■ **AIM OF THE TASK**
The listing is to be transcribed in full, with its images left out.

■ **DATA PROVIDED**

▼▼▼

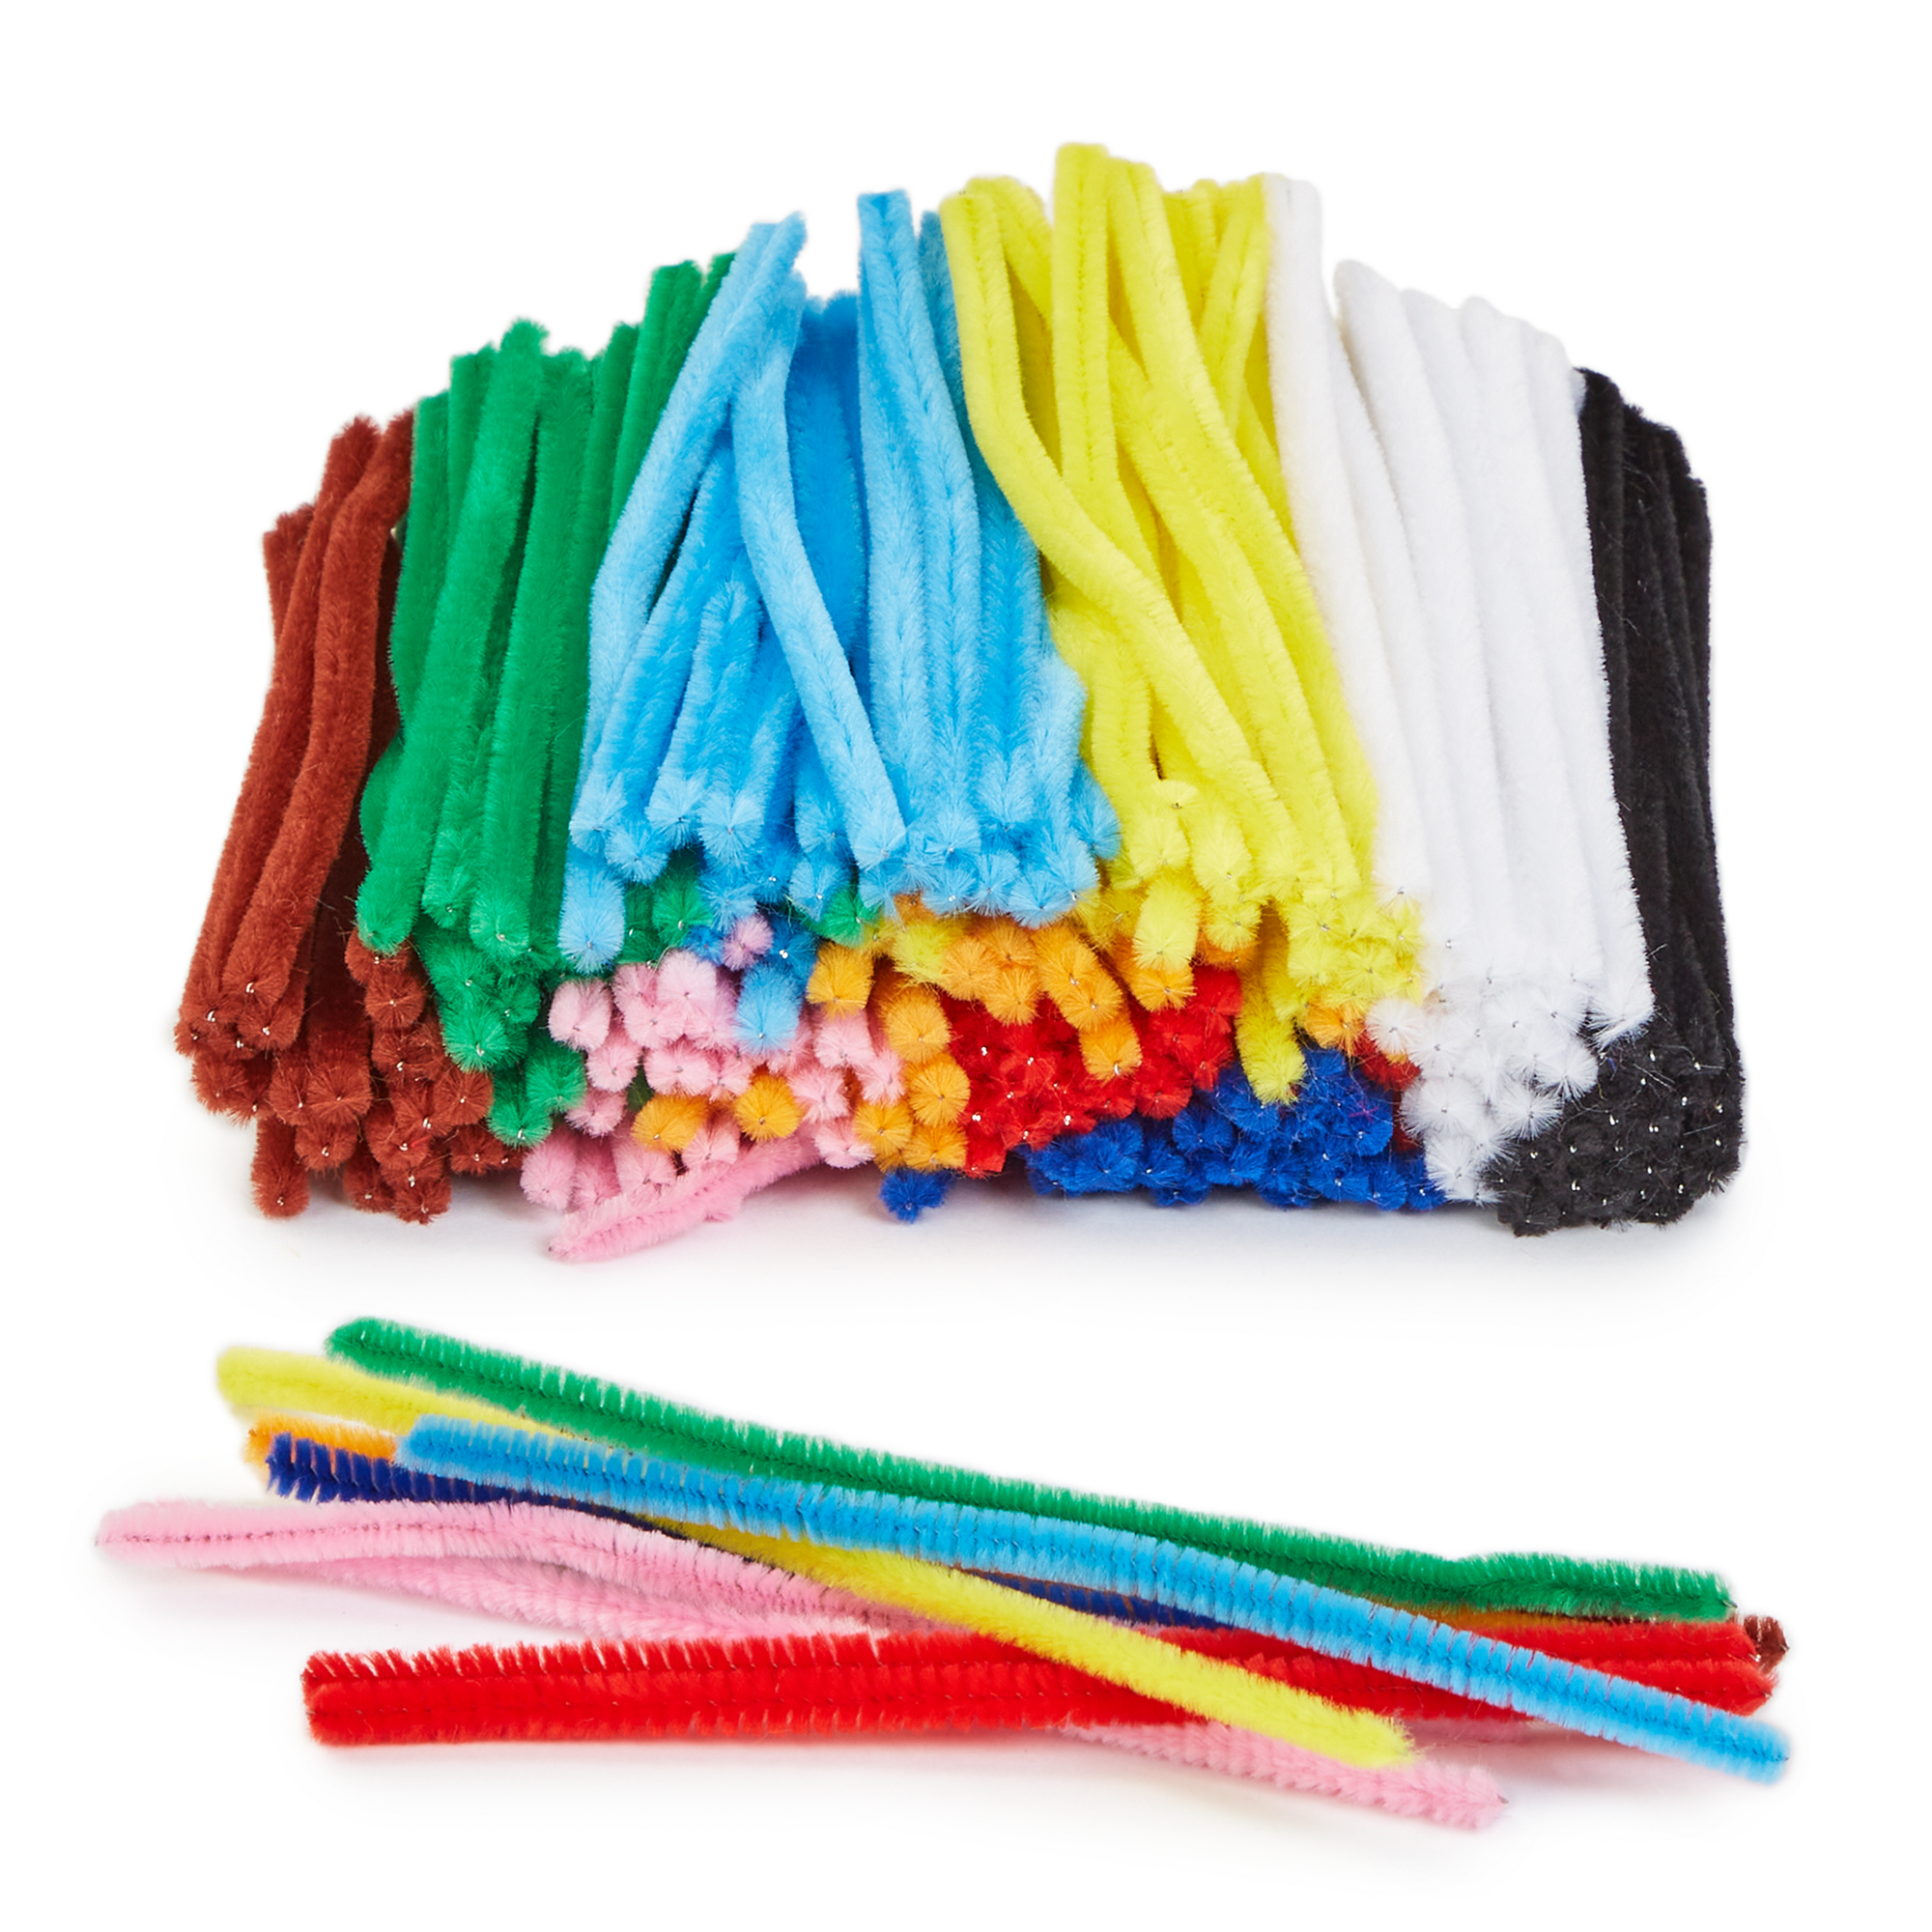 HC157540 - Classmates Craft Pipe Cleaners - 150mm - Pack of 250
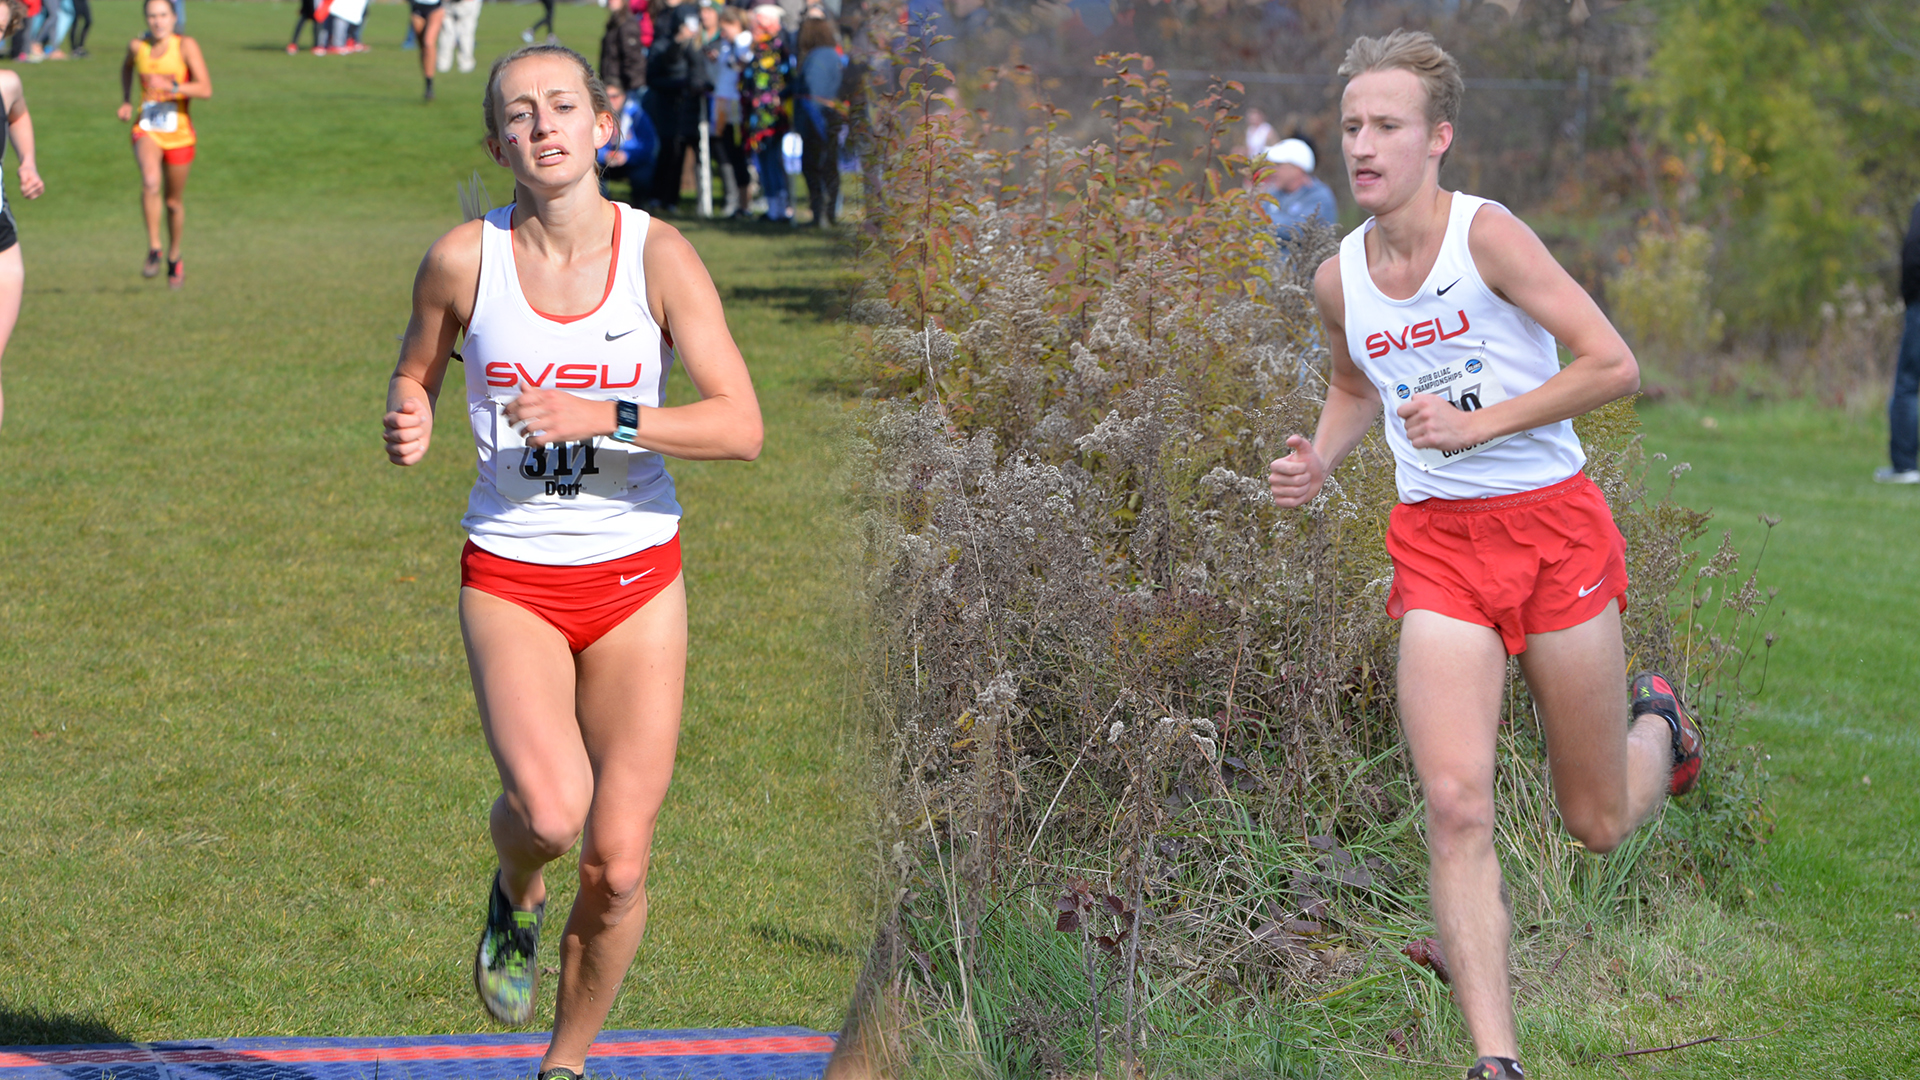 Cardinals head to the NCAA Division II Cross Country Championship Saturday
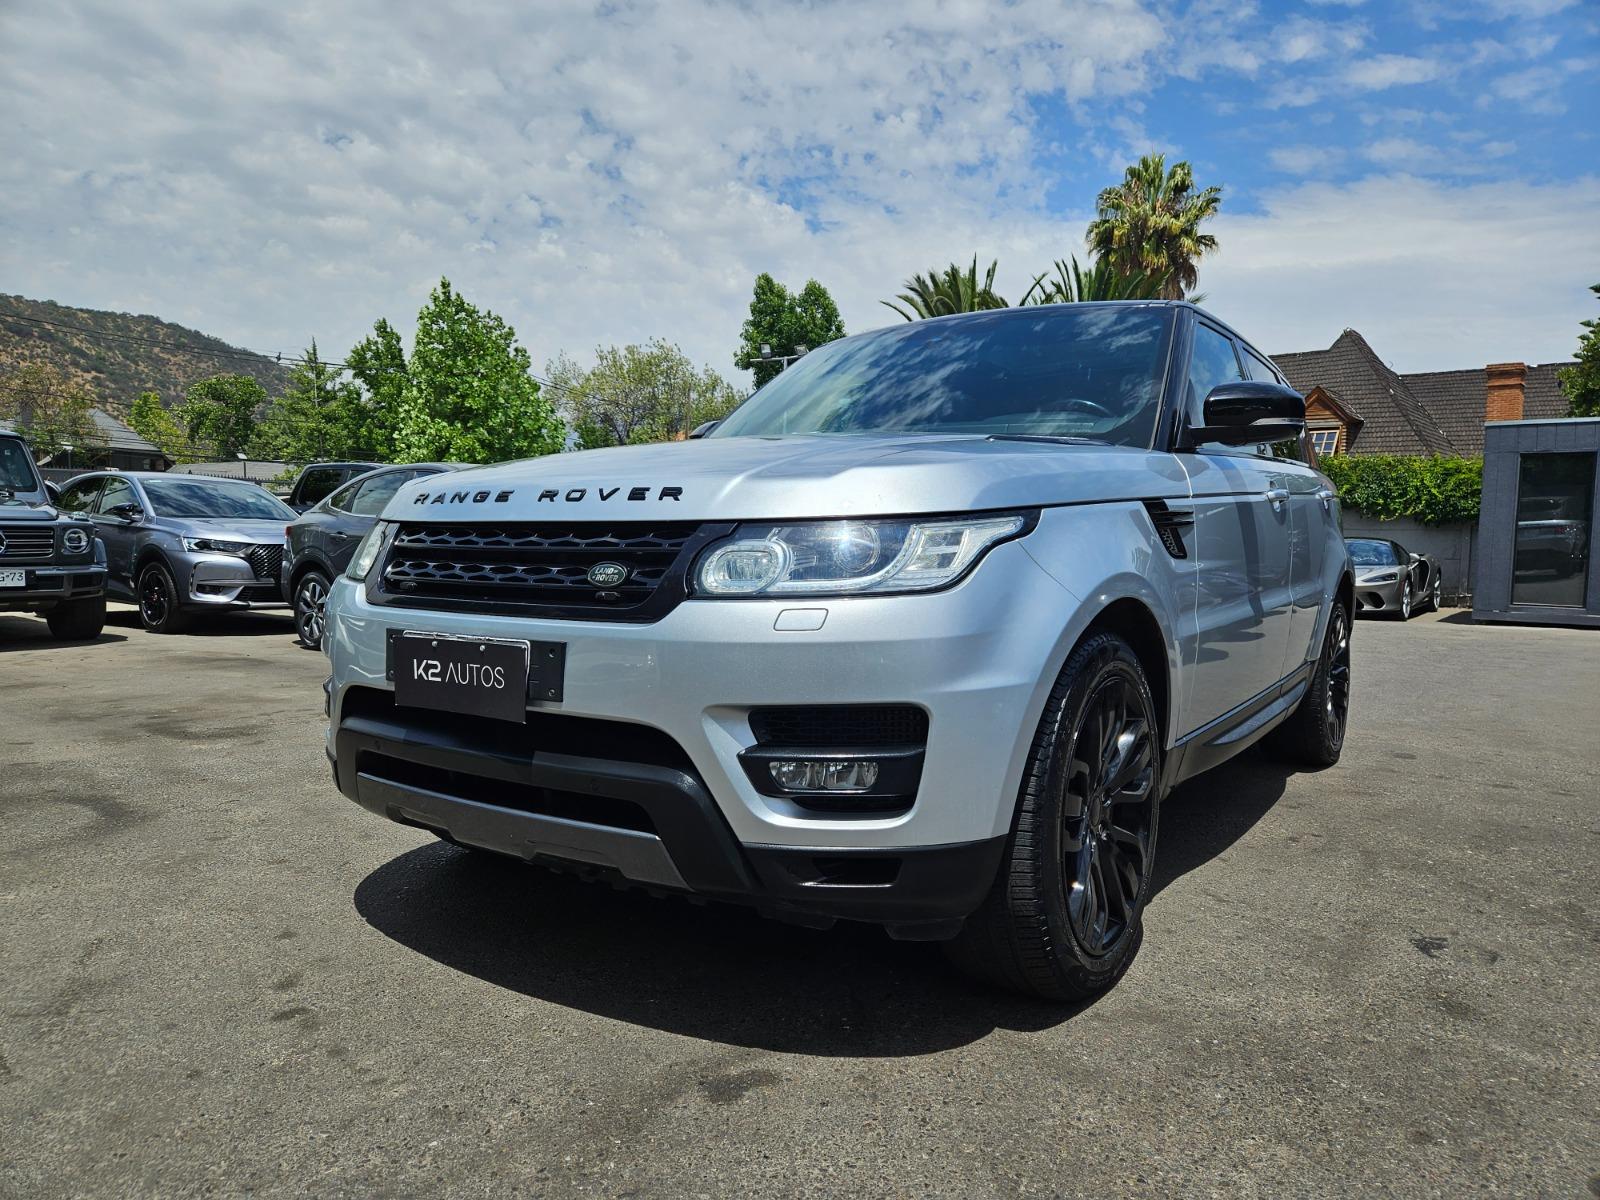 LAND ROVER RANGE ROVER HSE 4.4 V8 DIESEL 2017 FULL EQUIPO, IMPECABLE -

▲▲▲

■ **WRITTEN REPLY**
 HC157540 - Classmates Craft Pipe Cleaners - 150mm - Pack of 250
 Cardinals head to the NCAA Division II Cross Country Championship Saturday
 LAND ROVER RANGE ROVER HSE 4.4 V8 DIESEL 2017 FULL EQUIPO, IMPECABLE -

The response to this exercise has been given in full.